Provided data –

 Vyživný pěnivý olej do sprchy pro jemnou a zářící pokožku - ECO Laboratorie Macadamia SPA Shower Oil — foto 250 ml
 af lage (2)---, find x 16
* * *
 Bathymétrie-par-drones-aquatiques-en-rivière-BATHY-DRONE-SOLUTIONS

The task –
Starting at the line with "Vyživný pěnivý olej" and ending at the line with "af lage (2)---, find x 16", print each line of the listing above exactly, with no other lines.

Answer to this exercise –
 Vyživný pěnivý olej do sprchy pro jemnou a zářící pokožku - ECO Laboratorie Macadamia SPA Shower Oil — foto 250 ml
 af lage (2)---, find x 16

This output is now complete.